Mr. Ron came to teach at Theodore Jones as a full-time on-site substitute teacher at the beginning of the 2020 school year. She said he was at school every day up until he got sick in late October.
“Although I know he didn’t catch it at school there is still some sense of responsibility on me I was his boss in a way,” Woosley said. “I don’t know that I could have totally protected him, but we did try very best by checking on him and we are doing it with all of our staff and all of our kids.”
Conway Public Schools said he was not listed on their school cases.
“When you look at our data collection, we don’t have a lot of cases that originate in the school,” Woosley said.
Woosley said that a fourth-grader who had Mr. Ron in kindergarten brought the staff donuts today for Mr. Ron. She said that they are prepared to answer students’ questions about his death but encourage parents to have that conversation with them.
For retired Arkansas teacher Shelley Smith, Mr. Ron marks the 12th educator death of the school year.
“I know there a contact tracer and they work really hard, but I think that it is really impossible to say exactly where you get it from,” Smith said.
Smith said she has been in a school herself this year and knows that not everyone is social distancing and wearing masks regularly.
“I think they need to do a much better job of policing,” Smith said. She said that if the governor insists everyone returns to school then there needs to be more enforcement of the guidelines.

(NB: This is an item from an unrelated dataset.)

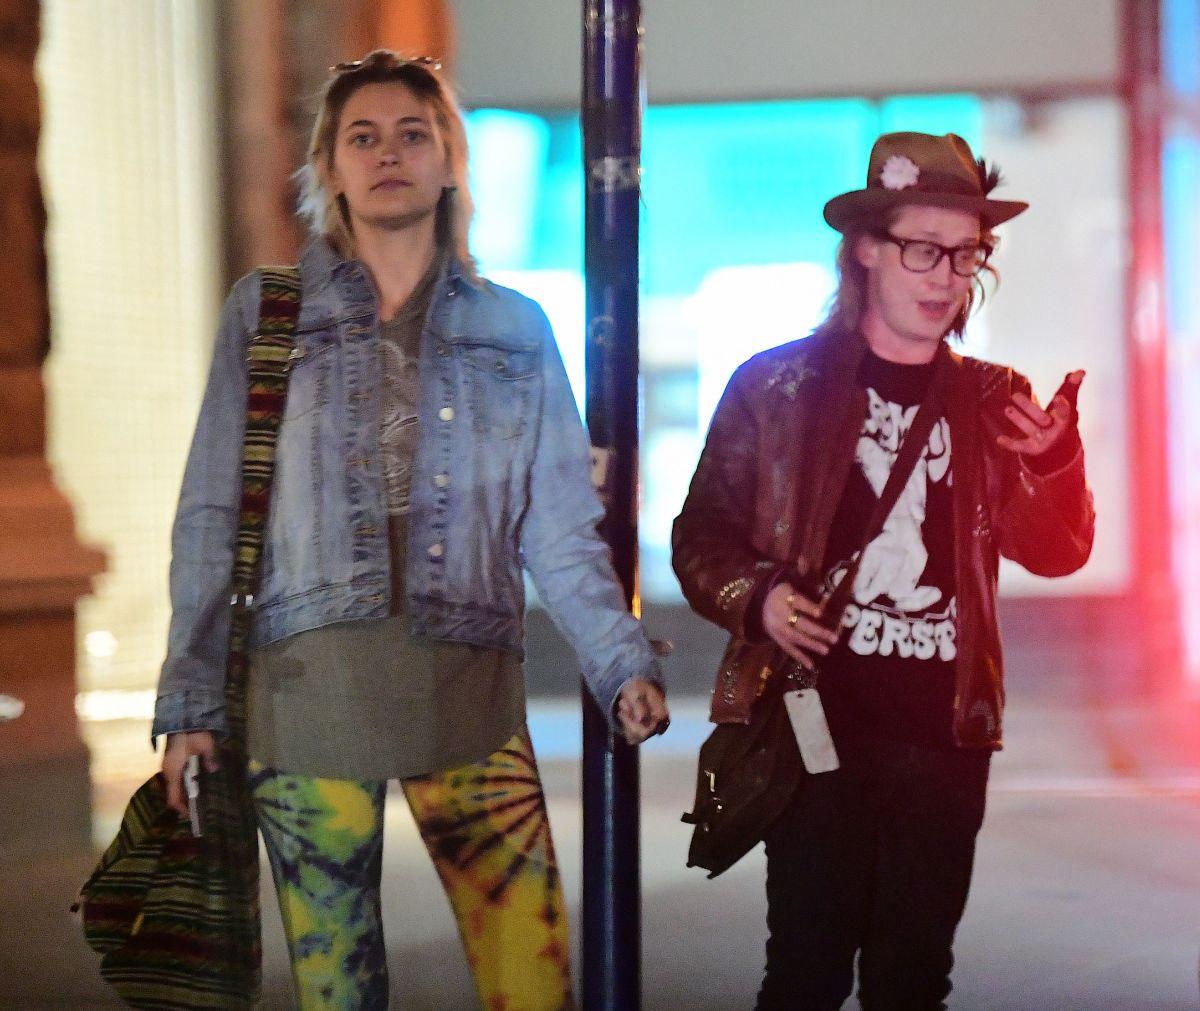 PARIS JACKSON and Macaulay Culkin Out in New York 05/05/2017

“People from the department of health just show up and do spot checks and there needs to be some consequences if schools are not doing what they are supposed to be doing,” Smith said.
She said teachers have the option to report rules not being followed to the department of health, but some are scared they will be reprimanded by their administrators or school district.
“It makes me angry because I feel like the governor and the Department of Education are only looking at the numbers and nobody seems to acknowledge how important those individuals are,” Smith said.
Smith said she knows of several teachers who have retired and many more who plan to retire at the end of the semester.